Нагорных знает имена наших детей, родных и близких
- За что вы благодарны Нагорных?
- Шел 2010 год. Татьяна Волосожар и Станислав Морозов приезжают в Москву с идеей создать новый проект в разрезе моей школы. Я отправилась в министерство спорта к Юрию Дмитриевичу. Изложила мысль, и он меня услышал. Он предложил подождать неделю, ему нужно было обсудить этот вопрос с Виталием Леонтьевичем (Мутко – на тот момент министр спорта РФ, в настоящее время вице-премьер РФ). Так Таня стала гражданкой России и представляла нашу страну на чемпионате мира в паре с Максимом Траньковым. А я была их тренером. Большое спасибо Антонине Михайловне Кузнецовой, которая в министерстве спорта курировала продвижение документов на получение гражданства и Тани, и потом Наташи Забияко. Человек сорок лет в структуре нашего спорта, для нас она незаменима. А поверил именно Юрий Дмитриевич в меня. В человека, известного лишь по работе с юниорами. Доверил и дал возможность работать на более высоком уровне. Этот человек для меня образец порядочности и профессиональных знаний.

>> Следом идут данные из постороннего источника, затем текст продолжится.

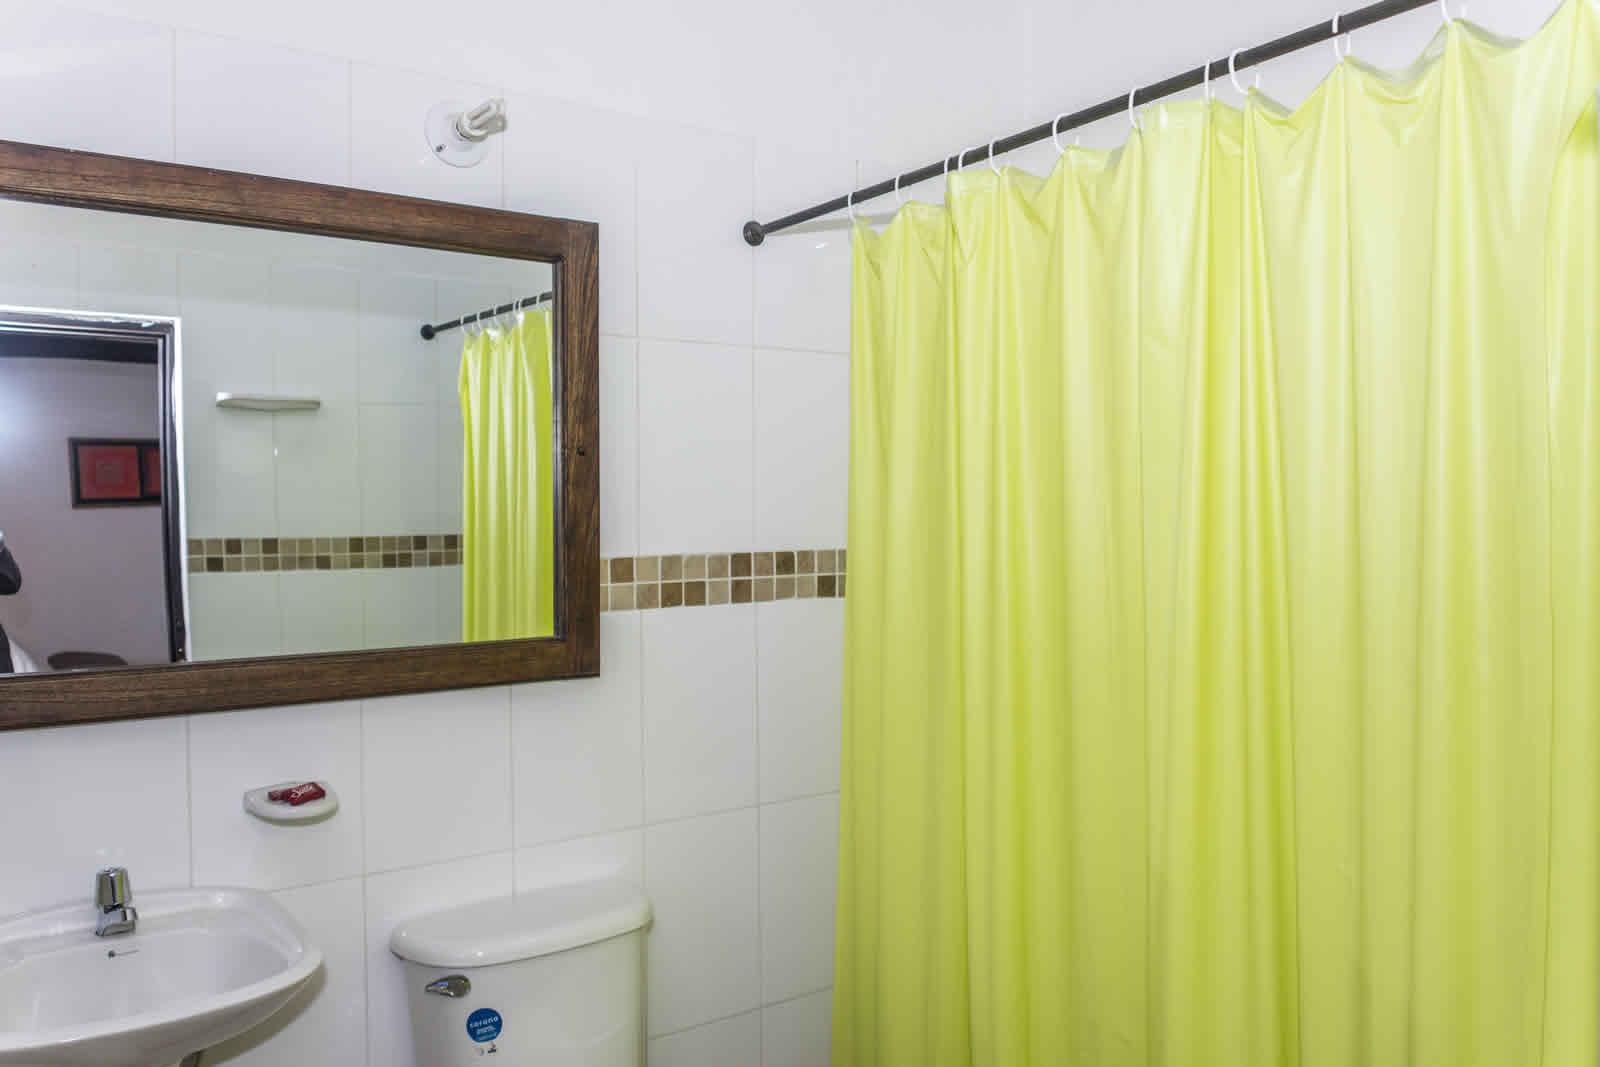 Alquiler casa de verano Villa de Leyva baño habitación 1

Он умеет брать ответственность на себя. Для всех спортсменов и тренеров он был не чиновником, а человеком, к которому можно было прийти, посоветоваться, поговорить. Он знал проблемы каждого из нас. Он знает не просто наши фамилии, а имена наших детей, родных и близких. Он моментально реагировал на любую проблему. Когда умер отец Максима, Нагорных быстро помог все организовать. Год назад такая же ситуация была у лыжника Алексея Петухова, и Юрий Дмитриевич тоже активно включился, чтобы помочь. Он всегда приходил на помощь спортсменам и тренерам. С ним мы чувствовали, что у нас есть спина. Такая стеночка, к которой можно было подойти и на нее облокотиться. А самое главное, с ним мы были уверены, что завтра наступит новый день и мы обязательно будем работать и делать свое дело.

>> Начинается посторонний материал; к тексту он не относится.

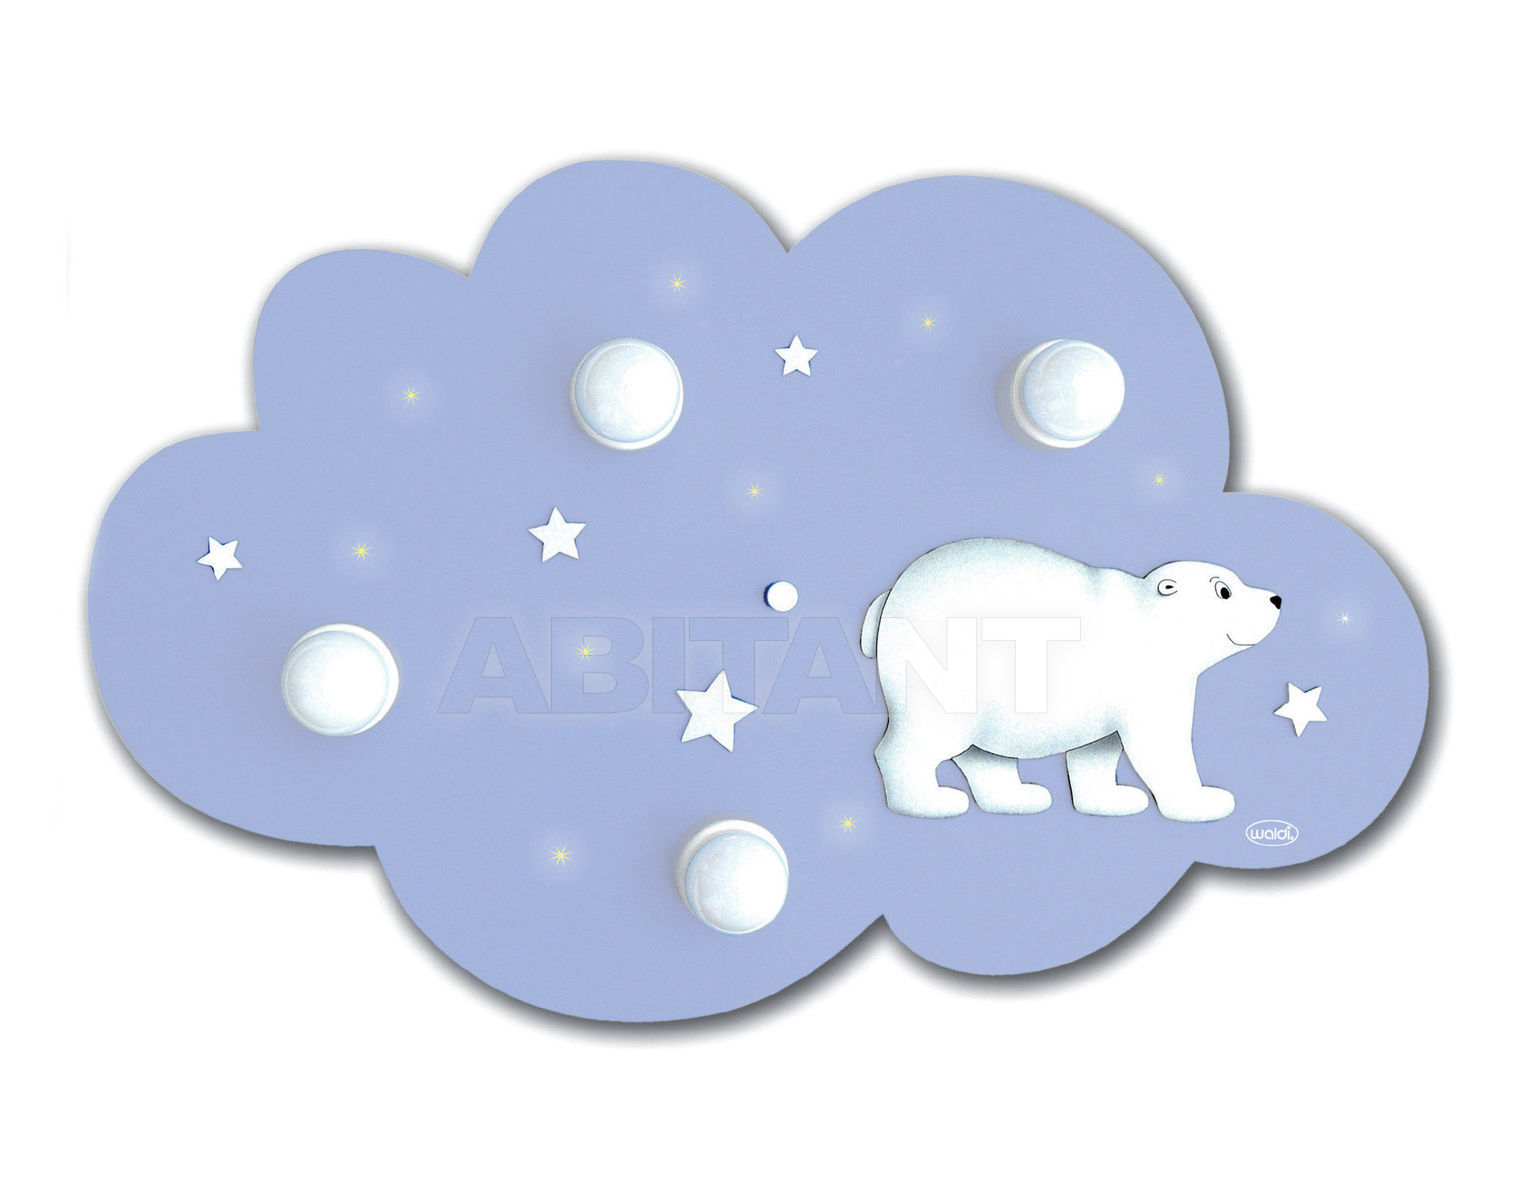 Купить Светильник для детской  Waldi Leuchten Lampen Fur Kinder 2012 66101.0

Тренерская работа состоит из множества организационных, физических, моральных вопросов. Когда у тебя несколько спортсменов, порой это тяжело выдержать. И счастье тренера, когда находятся люди, которые тебя понимают.
- Вернется он в наш спорт?
- Я могу только тяжело вздохнуть. После того как слова… непорядочного человека были приняты на Западе, мы – тренеры, спортсмены, специалисты – подготовили письмо, в котором пытались защищать Юрия Дмитриевича. Двадцать пять олимпийских чемпионов, пятнадцать заслуженных тренеров России, семь паралимпийских чемпионов и порядка ста специалистов разных направлений, которые помогали ребятам готовиться к Олимпийским играм. Не только сочинским. Люди до сих пор переживают и понимают, что у нас пропал стержень, который держал нас всех в обойме.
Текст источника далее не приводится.